A powerful reiteration of principles—and some fresh ideas—from the longest-serving independent in congressional history.

Another chapter in a long fight against inequality.

Building on his Fighting Oligarchy tour, which this year drew 280,000 people to rallies in red and blue states, Sanders amplifies his enduring campaign for economic fairness. The Vermont senator offers well-timed advice for combating corruption and issues a robust plea for national soul-searching. His argument rests on alarming data on the widening wealth gap’s impact on democracy. Bolstered by a 2010 Supreme Court decision that removed campaign finance limits, “100 billionaire families spent $2.6 billion” on 2024 elections. Sanders focuses on the Trump administration and congressional Republicans, describing their enactment of the “Big Beautiful Bill,” with its $1 trillion in tax breaks for the richest Americans and big social safety net cuts, as the “largest transfer of wealth” in living memory. But as is his custom, he spreads the blame, dinging Democrats for courting wealthy donors while ignoring the “needs and suffering” of the working class. “Trump filled the political vacuum that the Democrats created,” he writes, a resonant diagnosis. Urging readers not to surrender to despair, Sanders offers numerous legislative proposals.
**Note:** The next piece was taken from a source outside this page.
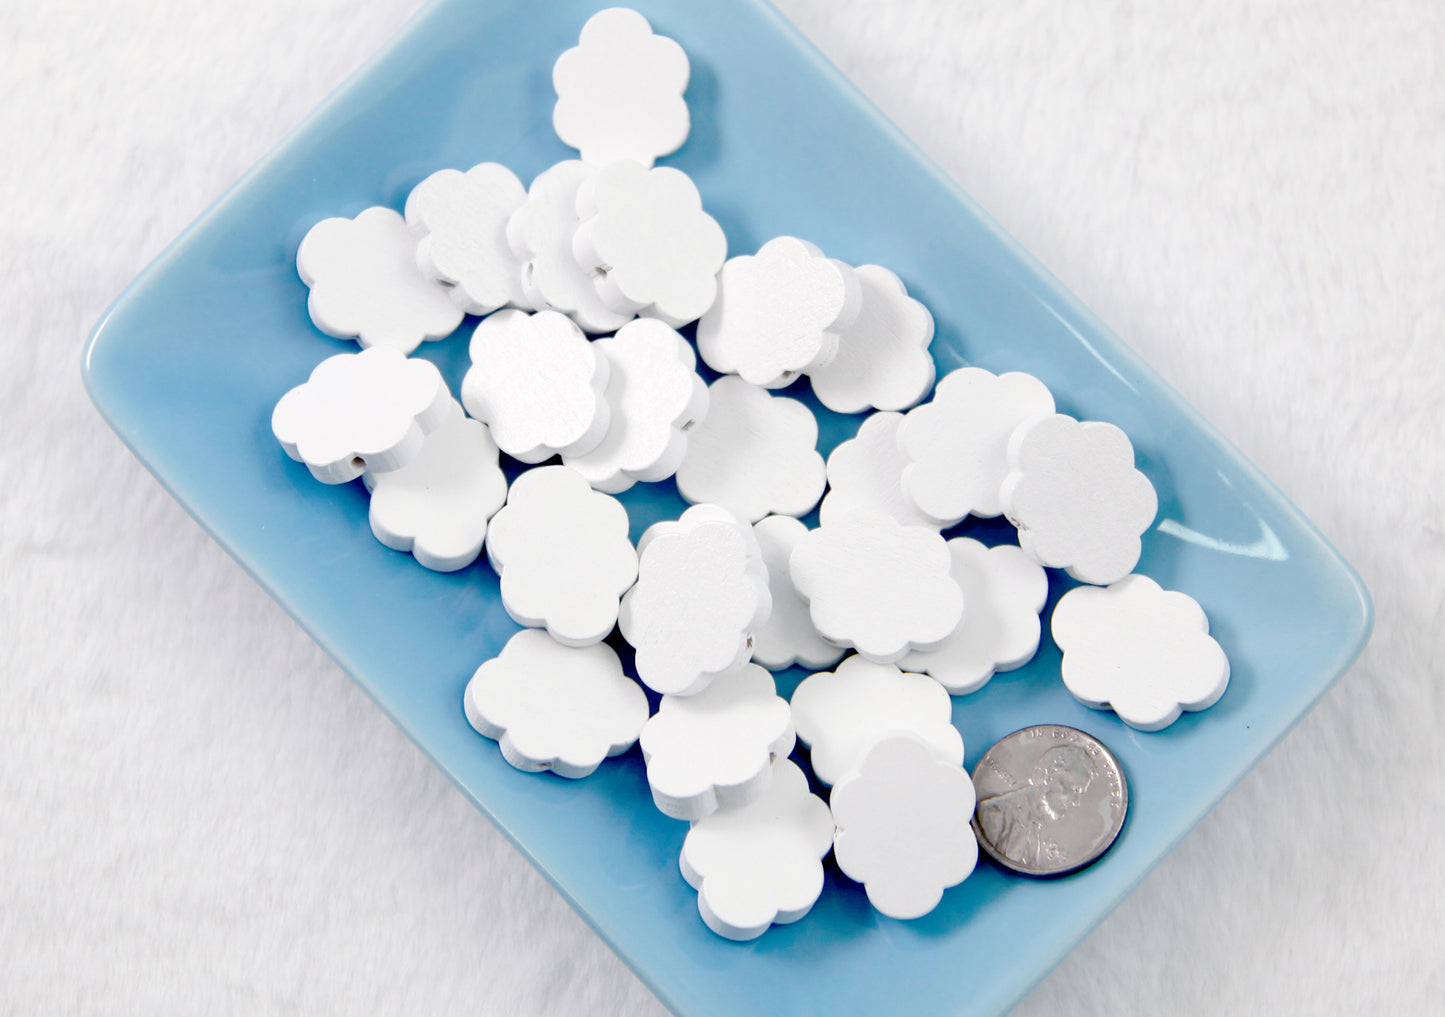 Cloud Beads - 20mm Cute White Clouds Painted Wood Beads - 35 pc set

These would empower labor unions, cut the workweek to 32 hours, regulate campaign spending, reduce gerrymandering, and automatically register 18-year-olds to vote. Grassroots supporters can help by running for local office, volunteering with a campaign, and asking educators how to help support public schools. Meanwhile, Sanders asks us “to question the fundamental moral values that underlie” a system that enables “the top 1 percent” to “own more wealth than the bottom 93 percent.” Though his prose sometimes reads like a transcribed speech with built-in applause lines, Sanders’ ideas are specific, clear, and commonsensical. And because it echoes previous statements, his call for collective introspection lands as genuine.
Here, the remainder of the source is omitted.